Consumption of poor nutrients diets is associated with fat tissue expansion and with a central and peripheral low-grade inflammation. In this sense, the microglial cells in the central nervous system are activated and release pro-inflammatory cytokines that up-regulate the inducible nitric oxide synthase (iNOS), promoting Nitric Oxide (NO) production. The excess of NO has been proposed to facilitate anxious states in humans and rodents. We evaluated whether consumption of a high-refined carbohydrate-containing diet (HC) in mice induced anxiety-like behavior in the Novelty Suppressed Feeding Test (NFST) trough facilitation of NO, in the prefrontal cortex (PFC) and hippocampus (HIP). We also verified if HC diet induces activation of microglial cells, alterations in cytokine and leptin levels in such regions. Male BALB/c mice received a standard diet or a HC diet for 3 days or 12 weeks. The chronic consumption of HC diet, but not acute, induced an anxiogenic-like effect in the NSF test and an increase in the nitrite levels in the PFC and HIP. The preferential iNOS inhibitor, aminoguanidine (50 mg/kg, i.p.), attenuated such effects. Moreover, microglial cells in the HIP and PFC were activated after chronic consumption of HC diet. Finally, the expression of iNOS in the PFC and TNF, IL6 and leptin levels in HIP were higher in chronically HC fed mice. Taken together, our data reinforce the notion that diets containing high-refined carbohydrate facilitate anxiety-like behavior, mainly after a long period of consumption. The mechanisms involve, at least in part, the augmentation of neuroinflammatory processes in brain areas responsible for anxiety control.
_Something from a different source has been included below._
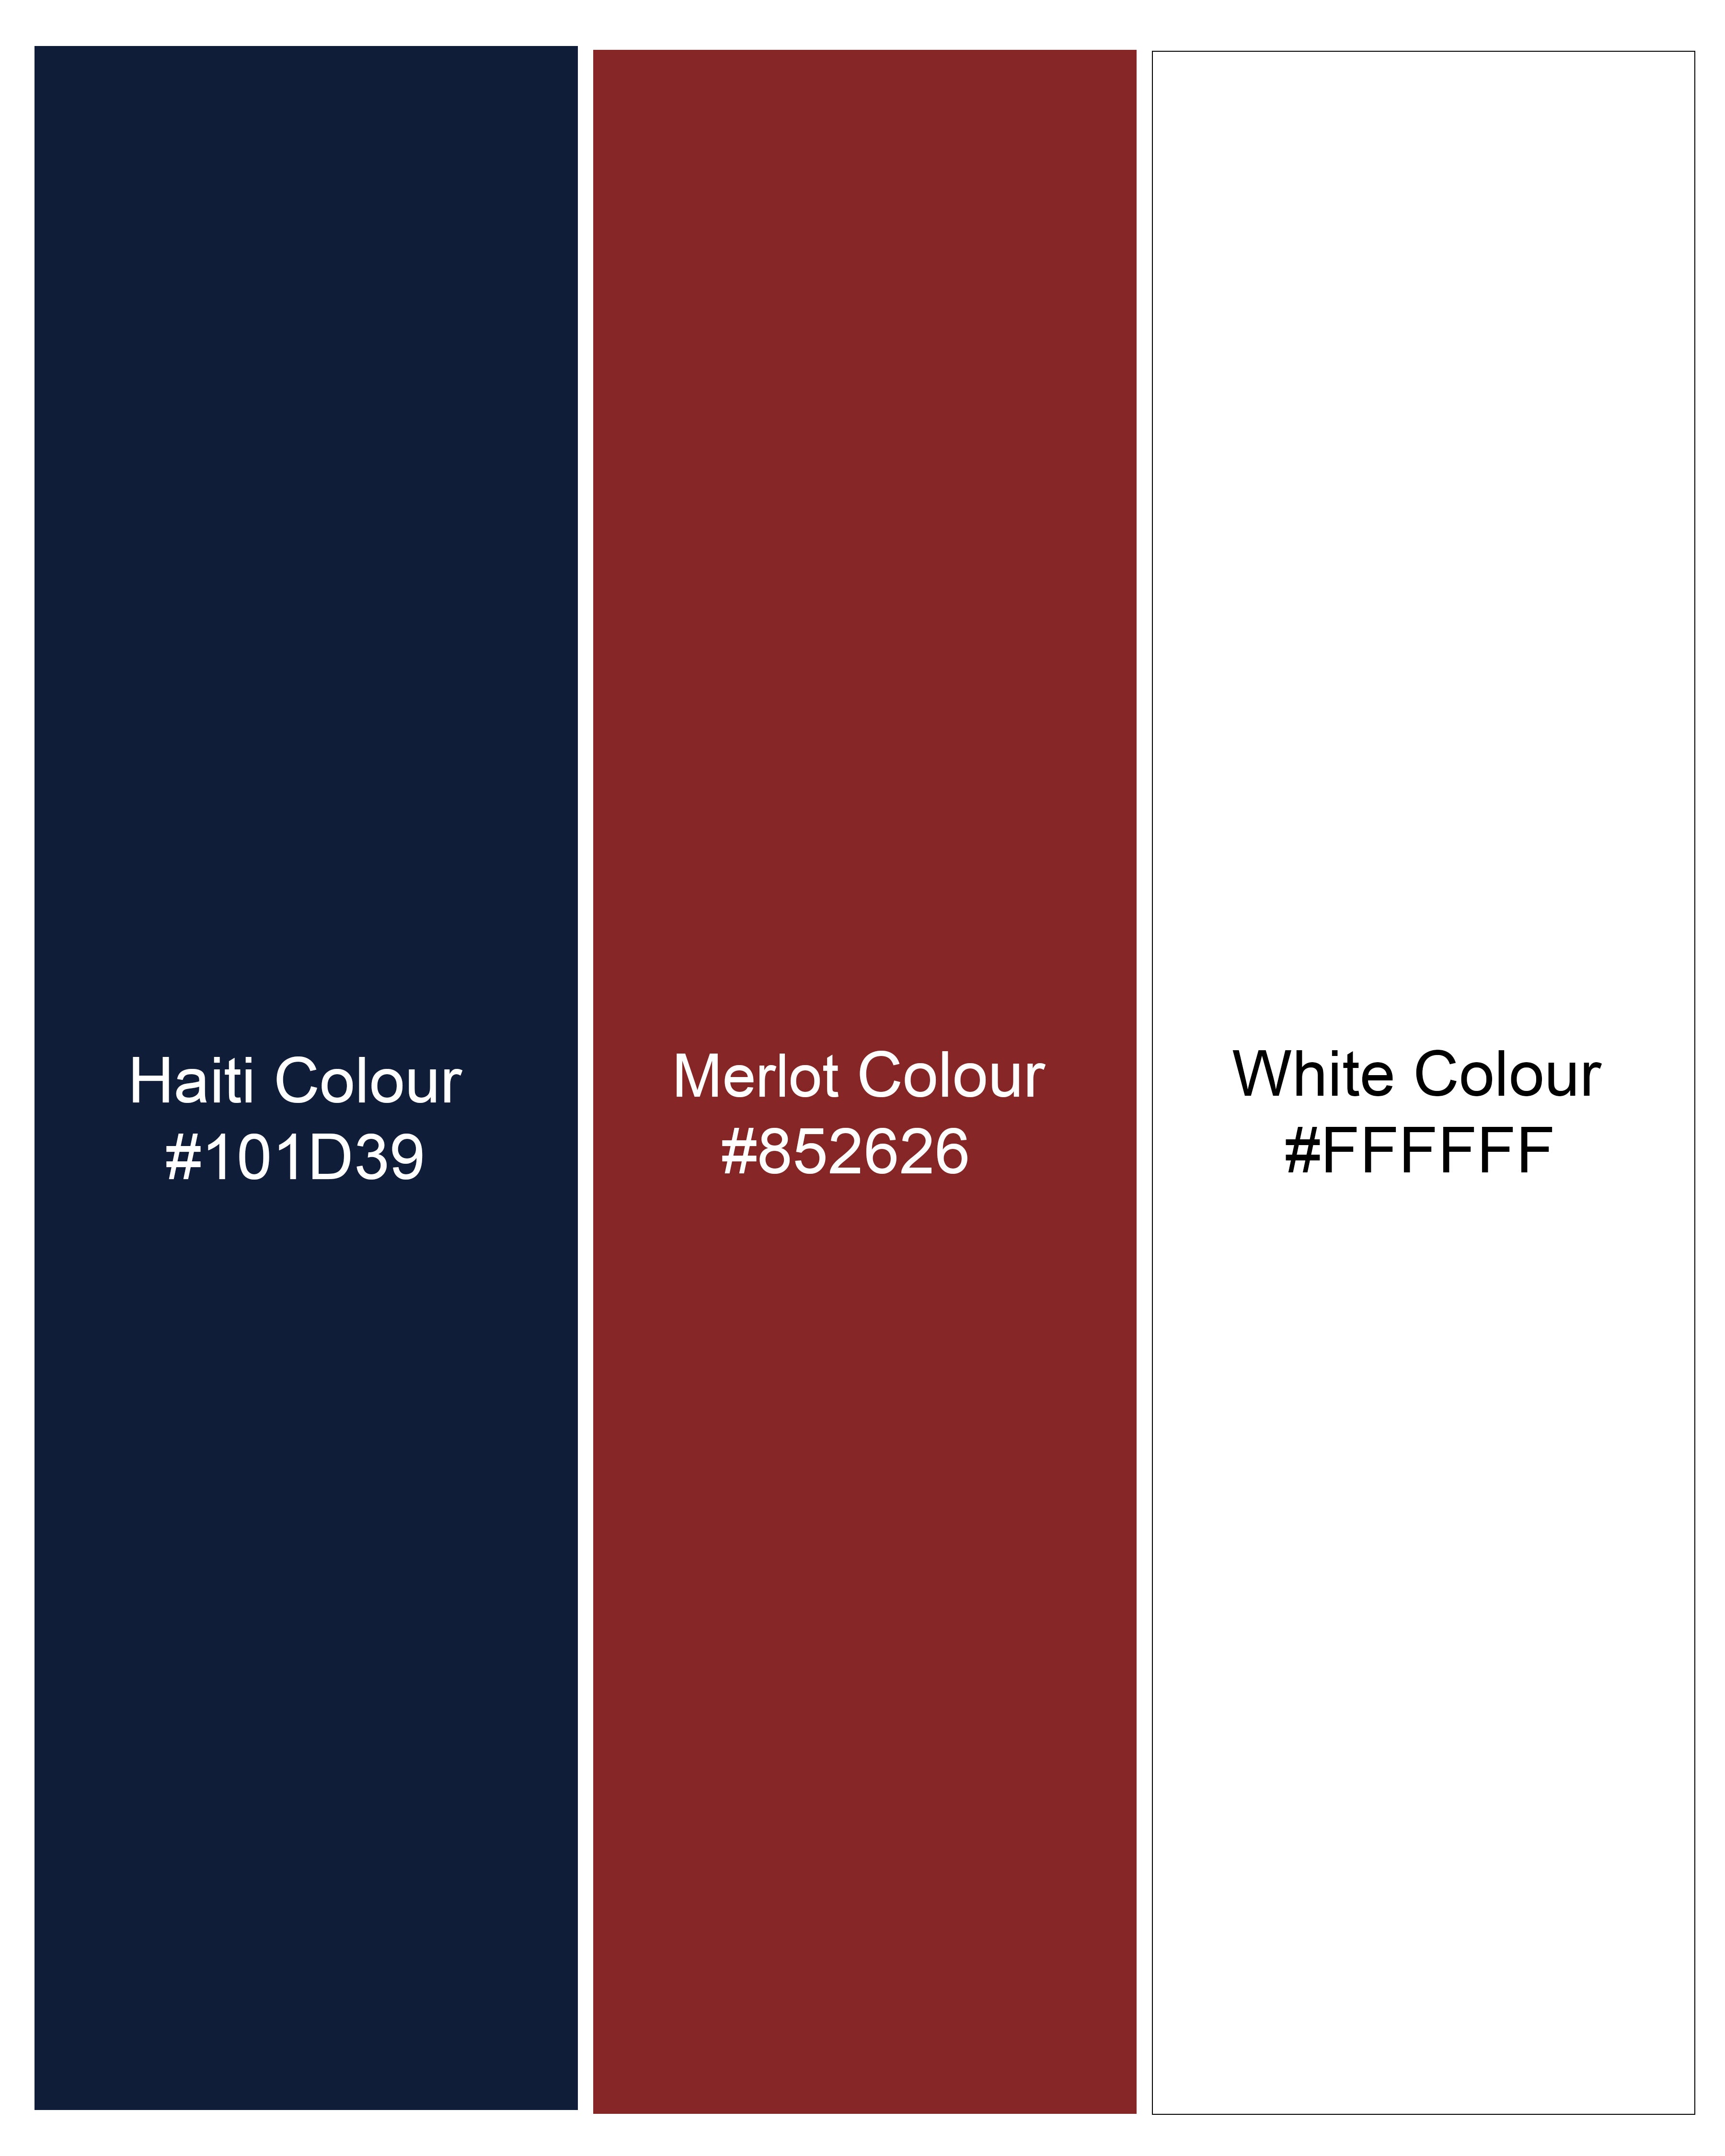 Merlot Red with Haiti Blue Windowpane Heavyweight Corduroy Shirt  8724-38,8724-H-38,8724-39,8724-H-39,8724-40,8724-H-40,8724-42,8724-H-42,8724-44,8724-H-44,8724-46,8724-H-46,8724-48,8724-H-48,8724-50,8724-H-50,8724-52,8724-H-52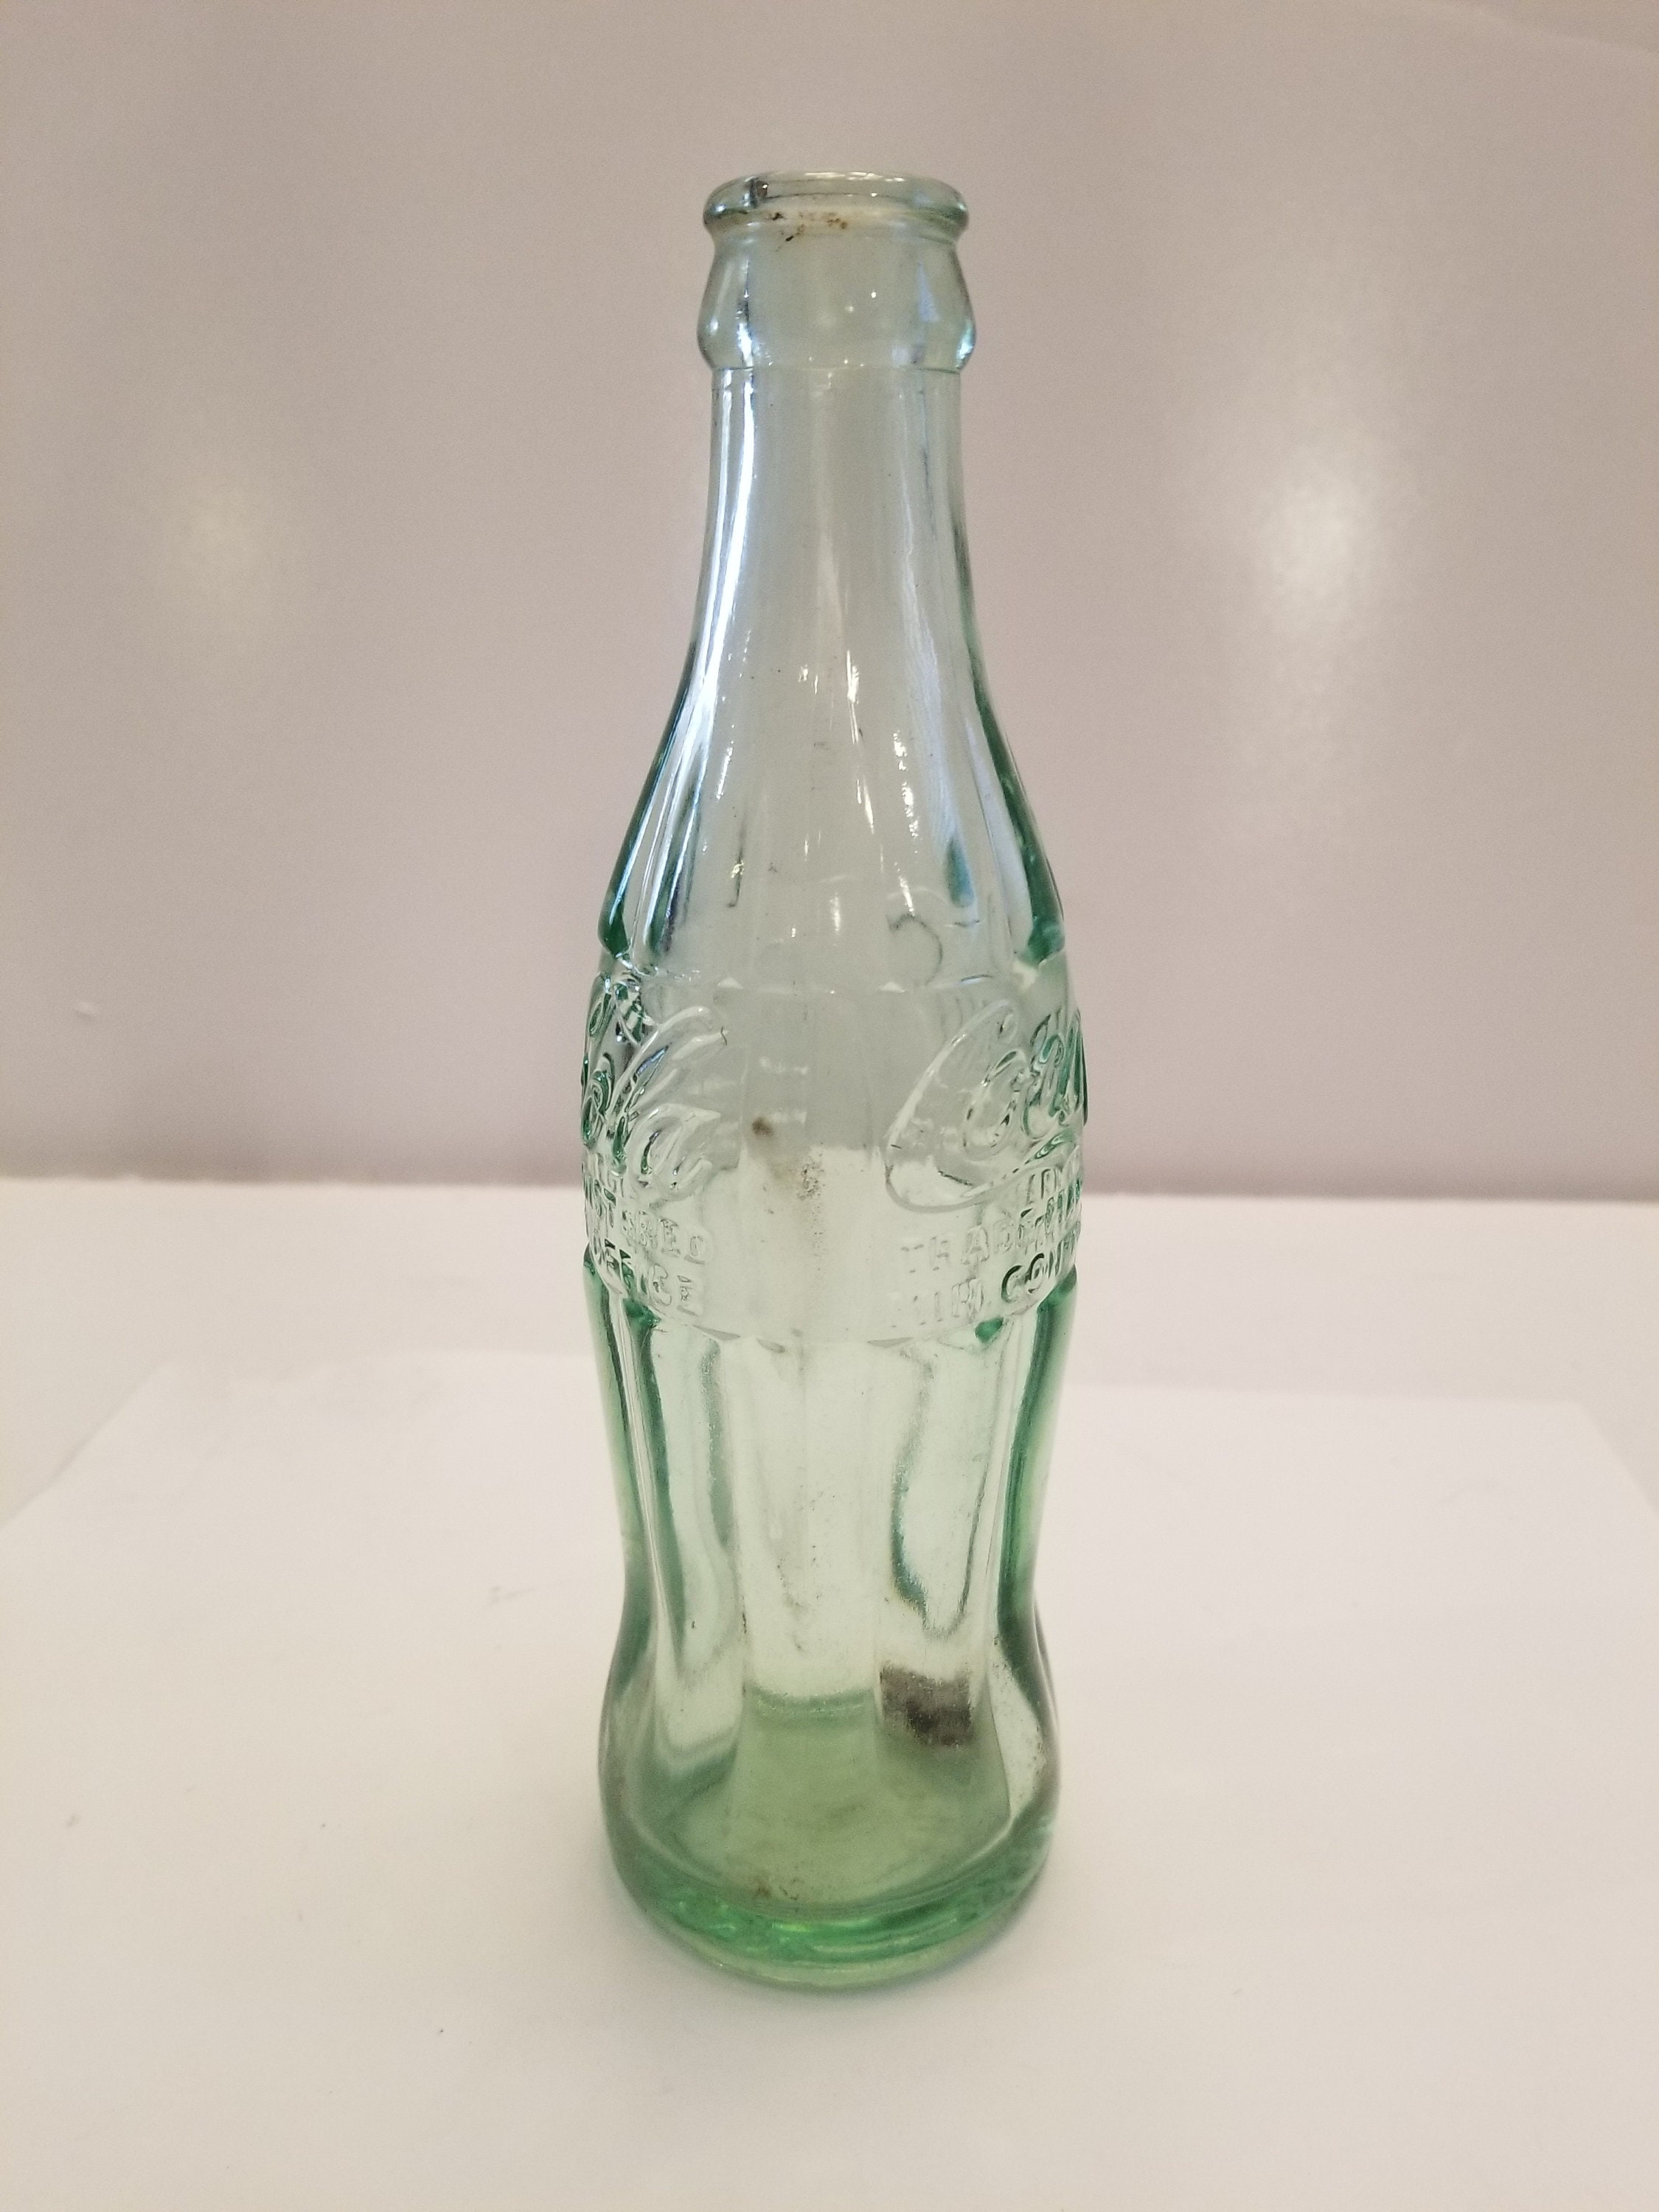 Coca-Cola Bottle - 8 oz Dimensions & Drawings

营养不良的饮食与脂肪组织扩张以及中枢和外周低度炎症有关。从这个意义上讲，中枢神经系统中的小胶质细胞被激活并释放促炎性细胞因子，该因子上调诱导型一氧化氮合酶（iNOS），从而促进一氧化氮（NO）的产生。已经提出过量的NO来促进人类和啮齿动物的焦虑状态。我们评估了在前额叶皮层（PFC）和海马（HIP）中通过NO的新颖性抑制喂养测试（NFST）促进了小鼠食用高含量的含碳水化合物饮食（HC）是否引起焦虑样行为。我们还证实了HC饮食是否能诱导小胶质细胞激活，这些区域中细胞因子和瘦素水平的改变。雄性BALB / c小鼠接受标准饮食或HC饮食3天或12周。长期食用HC饮食（而非急性饮食）在NSF测试中引起了类似焦虑的作用，并在PFC和HIP中引起了亚硝酸盐含量的增加。优先的iNOS抑制剂氨基胍（50 mg / kg，ip。），减弱了这种影响。此外，长期食用HC饮食后，HIP和PFC中的小胶质细胞被激活。最后，慢性HC喂养的小鼠中iNOS在PFC中的表达以及HIP中的TNF，IL6和瘦素水平较高。综上所述，我们的数据强化了这样的观念，即含有高精碳水化合物的饮食主要在长期食用后会促进类似焦虑的行为。该机制至少部分涉及在负责焦虑控制的脑区域中神经炎症过程的增强。